Once I saw the micro problems that caused my previous routine-change efforts to fail, I was tempted to try to fix all of them in one fell swoop. But I’ve tried that before, so I decided to take it one habit at a time, implementing incremental changes that would eventually add up to the result I was seeking.
Stimulus, Response
The most obvious problem was just getting myself out of bed on time. I’d previously assumed this just required good discipline, but I came to realize I was battling a deeply ingrained habit: When my alarm goes off, I snooze it so I can get a little more sleep. I’ve reinforced this habit over the years by setting my alarm to go off at least 30 minutes before I actually want to get up. (It’s hard to believe my college roommates didn’t kill me in my sleep…)
Instead of worrying about getting up at a set time, I focused on creating a new habit: When my alarm goes off, I get up immediately. To develop this habit, I stopped worrying about what time I actually got up—I even let myself sleep in until 7 a.m. to make it easier—and focused on conditioning myself to get up when my alarm goes off. After a few weeks of rising immediately when my alarm chimed, I stopped feeling the urge to snooze it. And surprisingly, it wasn’t really much harder to get up when I started setting the alarm for 5 a.m. Getting up was just the thing I did.
Zombie Time
Getting myself moving was the next hurdle. I was failing on multiple fronts here. For starters, I typically tried to implement a whole new morning routine at once. One example: Starting the day with a grueling 60-minute P90X workout, followed by a shower. Then writing for 30 minutes. Then cooking breakfast. Changing one habit is for girly-men—I was going to turn my entire life upside down.

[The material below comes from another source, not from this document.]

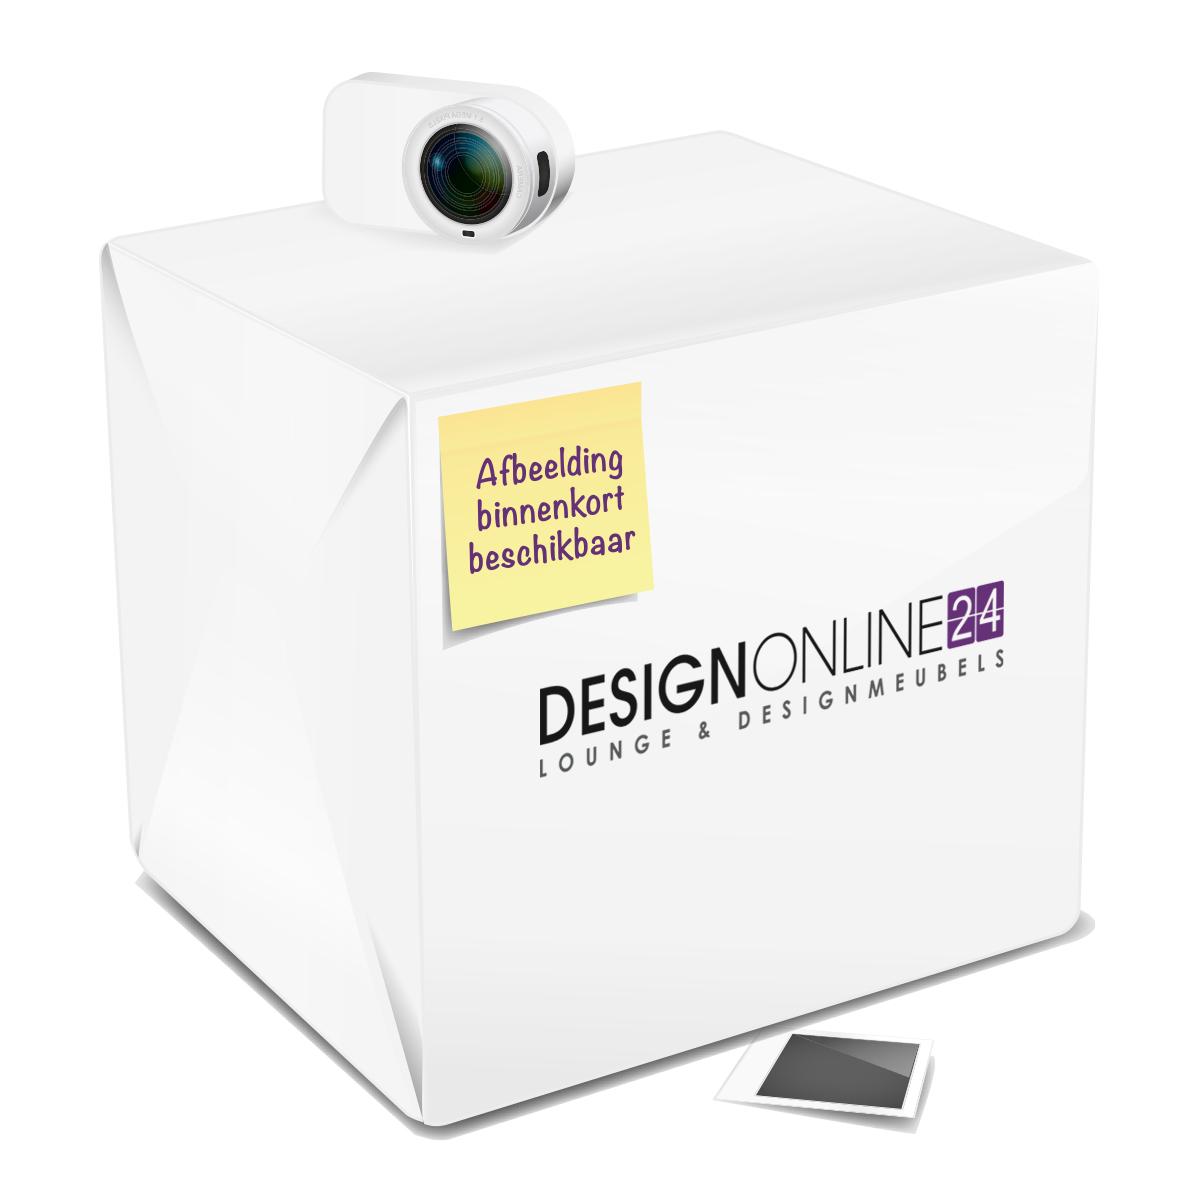 design booglampen kopen designonline24

This tied in to another failure point, my denial of a fundamental truth: There are morning people, and then there’s me. I shuffle around like a zombie until I’ve at least had some coffee and a shower.
So while it seemed like a good idea in theory to get my blood pumping and mind working by plunging into a challenging routine, what I really needed was a gentler transition. I needed to reorder my routine so that I spent my “zombie time” doing brainless tasks that I needed to do at some point anyway. Trying to fight how I’m wired usually ends with me staring at a Twitter feed on my phone.
Simply by showering, making my coffee and feeding the cat before I sit down to work, I’m giving myself enough time and stimulus to wake my brain up. I’ve made this even easier by developing the habit of setting the next day’s clothes out and prepping my coffee maker before I head to bed each night.
Getting showered and dressed also helps me quickly shift into a “let’s get some work done” mindset when I sit down to write.
Small Changes, Big Impact
Since implementing these changes, I’ve averaged 10-15 hours per week of work on my side projects. I’m starting work at my day job 30 to 60 minutes earlier and wrapping up earlier, leaving more time in the evenings to playing with my kids and read (I’ve crushed the Hunger Games trilogy since my wife gave me my new Kindle for Christmas).
But the biggest changes have been to my attitude and overall happiness. In the past I’ve struggled with overcommitting myself, which leads me to start resenting my self-imposed workload, which leads to procrastination. Now I just show up every day and work gets done. My evenings are also more relaxed because I’ve come to understand that blocks of time in the morning are most valuable for work, and blocks of time in the evening are most valuable for relaxation. Eliminating that “I should be working” pressure in the back of my mind means I’m happier while spending time with my family.
If this habit stuff sounds interesting, I’d encourage you to check out the Power of Habit, which was the foundation of much of our discussion in 30×500.